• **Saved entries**
# # # # # # #

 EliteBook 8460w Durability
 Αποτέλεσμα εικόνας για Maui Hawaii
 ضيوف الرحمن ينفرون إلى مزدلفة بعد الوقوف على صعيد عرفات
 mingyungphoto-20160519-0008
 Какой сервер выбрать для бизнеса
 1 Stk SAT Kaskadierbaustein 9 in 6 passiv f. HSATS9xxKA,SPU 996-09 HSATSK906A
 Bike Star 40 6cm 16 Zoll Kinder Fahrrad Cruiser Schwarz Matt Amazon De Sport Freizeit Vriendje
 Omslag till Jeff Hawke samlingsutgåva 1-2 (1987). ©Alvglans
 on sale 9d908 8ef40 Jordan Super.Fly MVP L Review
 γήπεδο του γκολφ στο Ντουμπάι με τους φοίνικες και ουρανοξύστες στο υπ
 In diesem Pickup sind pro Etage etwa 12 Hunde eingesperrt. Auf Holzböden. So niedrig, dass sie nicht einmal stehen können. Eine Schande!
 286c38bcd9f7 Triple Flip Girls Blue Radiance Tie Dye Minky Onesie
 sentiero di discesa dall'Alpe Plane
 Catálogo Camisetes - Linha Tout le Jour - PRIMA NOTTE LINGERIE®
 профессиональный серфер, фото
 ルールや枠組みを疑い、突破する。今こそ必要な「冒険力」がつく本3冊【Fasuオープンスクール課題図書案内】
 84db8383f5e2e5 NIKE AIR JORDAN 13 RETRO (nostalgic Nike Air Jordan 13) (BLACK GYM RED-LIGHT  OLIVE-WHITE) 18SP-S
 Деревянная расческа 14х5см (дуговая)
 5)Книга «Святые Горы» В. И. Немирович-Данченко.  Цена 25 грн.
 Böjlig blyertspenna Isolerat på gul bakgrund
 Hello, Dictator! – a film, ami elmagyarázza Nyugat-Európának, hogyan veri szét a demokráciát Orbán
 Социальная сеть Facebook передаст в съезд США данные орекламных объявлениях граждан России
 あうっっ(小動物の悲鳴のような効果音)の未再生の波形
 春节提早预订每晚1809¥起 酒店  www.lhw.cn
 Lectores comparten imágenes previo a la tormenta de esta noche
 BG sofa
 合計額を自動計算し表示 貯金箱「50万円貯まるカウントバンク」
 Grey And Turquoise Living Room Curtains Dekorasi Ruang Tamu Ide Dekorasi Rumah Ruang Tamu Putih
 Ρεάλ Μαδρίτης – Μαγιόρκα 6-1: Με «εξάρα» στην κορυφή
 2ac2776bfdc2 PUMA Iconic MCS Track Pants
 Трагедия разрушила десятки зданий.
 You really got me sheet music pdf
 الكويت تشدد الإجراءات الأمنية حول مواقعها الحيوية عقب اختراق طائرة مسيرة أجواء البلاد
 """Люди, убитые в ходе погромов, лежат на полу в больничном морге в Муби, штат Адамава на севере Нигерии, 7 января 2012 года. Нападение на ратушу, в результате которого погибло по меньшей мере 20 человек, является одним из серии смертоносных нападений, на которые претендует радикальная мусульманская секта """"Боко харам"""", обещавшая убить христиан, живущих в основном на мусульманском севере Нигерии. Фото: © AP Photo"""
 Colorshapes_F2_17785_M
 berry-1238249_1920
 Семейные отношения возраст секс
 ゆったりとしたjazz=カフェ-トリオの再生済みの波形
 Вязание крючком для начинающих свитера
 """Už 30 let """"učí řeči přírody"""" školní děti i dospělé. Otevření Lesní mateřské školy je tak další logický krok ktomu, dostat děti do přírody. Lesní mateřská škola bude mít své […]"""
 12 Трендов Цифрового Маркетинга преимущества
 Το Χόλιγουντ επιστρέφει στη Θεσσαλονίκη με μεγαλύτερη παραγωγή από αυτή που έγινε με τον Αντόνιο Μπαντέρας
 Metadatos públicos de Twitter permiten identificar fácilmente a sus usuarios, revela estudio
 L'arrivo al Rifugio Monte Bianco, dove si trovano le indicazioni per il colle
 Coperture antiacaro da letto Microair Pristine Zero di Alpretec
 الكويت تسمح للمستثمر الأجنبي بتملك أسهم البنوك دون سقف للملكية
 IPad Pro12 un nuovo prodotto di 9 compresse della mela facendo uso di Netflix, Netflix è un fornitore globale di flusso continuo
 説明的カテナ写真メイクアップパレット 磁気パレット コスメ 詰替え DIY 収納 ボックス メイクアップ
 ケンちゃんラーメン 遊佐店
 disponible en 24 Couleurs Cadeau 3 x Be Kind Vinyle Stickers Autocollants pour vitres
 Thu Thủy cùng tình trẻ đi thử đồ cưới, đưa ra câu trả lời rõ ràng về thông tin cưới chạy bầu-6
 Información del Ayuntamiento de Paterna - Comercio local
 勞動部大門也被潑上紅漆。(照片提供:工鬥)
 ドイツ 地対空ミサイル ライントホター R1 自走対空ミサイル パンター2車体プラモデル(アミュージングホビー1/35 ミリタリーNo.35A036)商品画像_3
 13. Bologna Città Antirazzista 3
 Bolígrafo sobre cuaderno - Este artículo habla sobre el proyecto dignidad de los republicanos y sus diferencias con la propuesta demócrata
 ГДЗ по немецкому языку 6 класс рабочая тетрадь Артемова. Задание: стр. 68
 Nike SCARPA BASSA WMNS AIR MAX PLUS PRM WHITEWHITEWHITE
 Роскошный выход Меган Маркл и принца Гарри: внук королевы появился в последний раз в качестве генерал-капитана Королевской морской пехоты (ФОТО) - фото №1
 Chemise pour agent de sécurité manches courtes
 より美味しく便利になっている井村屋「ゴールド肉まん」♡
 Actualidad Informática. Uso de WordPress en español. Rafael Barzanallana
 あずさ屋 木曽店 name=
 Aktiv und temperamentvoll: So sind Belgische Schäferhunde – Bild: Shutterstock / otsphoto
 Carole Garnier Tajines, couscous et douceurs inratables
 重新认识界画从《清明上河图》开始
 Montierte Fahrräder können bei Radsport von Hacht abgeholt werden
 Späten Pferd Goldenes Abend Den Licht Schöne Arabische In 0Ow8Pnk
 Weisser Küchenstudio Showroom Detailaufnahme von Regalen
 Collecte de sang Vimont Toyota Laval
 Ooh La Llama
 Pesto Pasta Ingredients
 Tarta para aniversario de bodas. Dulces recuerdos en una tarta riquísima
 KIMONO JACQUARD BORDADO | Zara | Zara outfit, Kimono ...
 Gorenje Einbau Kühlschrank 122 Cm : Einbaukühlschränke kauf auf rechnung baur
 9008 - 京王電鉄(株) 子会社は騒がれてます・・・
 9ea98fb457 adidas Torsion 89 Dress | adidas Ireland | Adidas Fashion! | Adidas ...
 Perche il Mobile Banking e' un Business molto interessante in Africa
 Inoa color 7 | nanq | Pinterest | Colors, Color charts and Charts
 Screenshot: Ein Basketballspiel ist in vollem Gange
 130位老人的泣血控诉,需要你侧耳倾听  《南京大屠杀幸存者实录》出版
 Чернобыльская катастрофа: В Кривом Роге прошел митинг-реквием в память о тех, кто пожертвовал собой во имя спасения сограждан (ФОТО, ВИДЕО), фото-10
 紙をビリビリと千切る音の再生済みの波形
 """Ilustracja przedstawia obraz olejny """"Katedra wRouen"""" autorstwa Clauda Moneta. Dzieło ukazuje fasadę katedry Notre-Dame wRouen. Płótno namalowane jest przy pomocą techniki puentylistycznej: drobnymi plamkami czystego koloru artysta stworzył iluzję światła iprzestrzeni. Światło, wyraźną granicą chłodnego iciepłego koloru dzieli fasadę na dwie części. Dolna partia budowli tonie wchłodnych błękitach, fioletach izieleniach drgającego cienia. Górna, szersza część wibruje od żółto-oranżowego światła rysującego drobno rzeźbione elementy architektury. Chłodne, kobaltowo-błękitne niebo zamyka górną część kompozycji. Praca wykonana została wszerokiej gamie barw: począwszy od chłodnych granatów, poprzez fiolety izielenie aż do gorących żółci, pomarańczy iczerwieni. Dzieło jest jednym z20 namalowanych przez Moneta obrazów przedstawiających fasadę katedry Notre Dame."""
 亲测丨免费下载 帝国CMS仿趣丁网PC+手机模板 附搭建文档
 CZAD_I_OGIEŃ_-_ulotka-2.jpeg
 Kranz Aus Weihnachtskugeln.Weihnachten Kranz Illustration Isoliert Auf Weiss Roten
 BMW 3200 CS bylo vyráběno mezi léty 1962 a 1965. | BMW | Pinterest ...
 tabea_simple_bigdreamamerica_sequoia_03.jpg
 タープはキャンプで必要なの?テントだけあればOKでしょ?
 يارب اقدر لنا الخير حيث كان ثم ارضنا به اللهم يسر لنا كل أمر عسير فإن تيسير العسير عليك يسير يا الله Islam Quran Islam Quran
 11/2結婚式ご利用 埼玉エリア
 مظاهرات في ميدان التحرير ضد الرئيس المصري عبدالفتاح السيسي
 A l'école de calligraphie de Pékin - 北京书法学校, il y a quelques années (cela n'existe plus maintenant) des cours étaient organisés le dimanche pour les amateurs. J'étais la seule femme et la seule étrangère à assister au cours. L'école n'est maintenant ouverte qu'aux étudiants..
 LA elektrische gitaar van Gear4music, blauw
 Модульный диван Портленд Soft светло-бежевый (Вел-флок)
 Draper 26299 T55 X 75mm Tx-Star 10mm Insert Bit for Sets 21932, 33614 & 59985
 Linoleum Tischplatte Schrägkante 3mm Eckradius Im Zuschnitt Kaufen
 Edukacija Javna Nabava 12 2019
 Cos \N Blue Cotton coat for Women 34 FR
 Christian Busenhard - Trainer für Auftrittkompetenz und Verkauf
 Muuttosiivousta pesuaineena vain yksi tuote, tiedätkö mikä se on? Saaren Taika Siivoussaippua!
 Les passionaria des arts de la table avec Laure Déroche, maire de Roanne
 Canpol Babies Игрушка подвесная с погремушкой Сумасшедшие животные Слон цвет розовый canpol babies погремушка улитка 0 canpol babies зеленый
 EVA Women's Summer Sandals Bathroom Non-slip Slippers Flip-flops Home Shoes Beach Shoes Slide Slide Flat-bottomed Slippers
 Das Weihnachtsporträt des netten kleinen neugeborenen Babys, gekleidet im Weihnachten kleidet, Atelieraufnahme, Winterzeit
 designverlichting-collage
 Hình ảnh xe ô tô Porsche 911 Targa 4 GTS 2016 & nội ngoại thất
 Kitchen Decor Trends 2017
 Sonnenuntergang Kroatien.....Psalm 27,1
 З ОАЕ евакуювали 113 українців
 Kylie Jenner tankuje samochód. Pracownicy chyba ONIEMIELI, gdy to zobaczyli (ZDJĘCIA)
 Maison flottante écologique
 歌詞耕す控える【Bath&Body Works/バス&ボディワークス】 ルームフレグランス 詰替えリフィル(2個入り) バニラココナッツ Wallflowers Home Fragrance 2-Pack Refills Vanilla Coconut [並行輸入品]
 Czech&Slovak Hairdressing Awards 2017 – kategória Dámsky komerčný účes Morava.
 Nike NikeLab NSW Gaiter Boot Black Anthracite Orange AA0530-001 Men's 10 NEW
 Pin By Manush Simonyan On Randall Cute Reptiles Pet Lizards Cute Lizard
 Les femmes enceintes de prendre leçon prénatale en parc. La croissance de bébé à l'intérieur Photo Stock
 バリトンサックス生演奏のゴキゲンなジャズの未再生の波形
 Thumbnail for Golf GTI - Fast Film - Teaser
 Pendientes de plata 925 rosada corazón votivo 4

# # # # # # #

• **Task to complete**
Every line above in which the word "Blue" is present must be copied into the answer.

• **Answer to the problem**
 286c38bcd9f7 Triple Flip Girls Blue Radiance Tie Dye Minky Onesie
 Cos \N Blue Cotton coat for Women 34 FR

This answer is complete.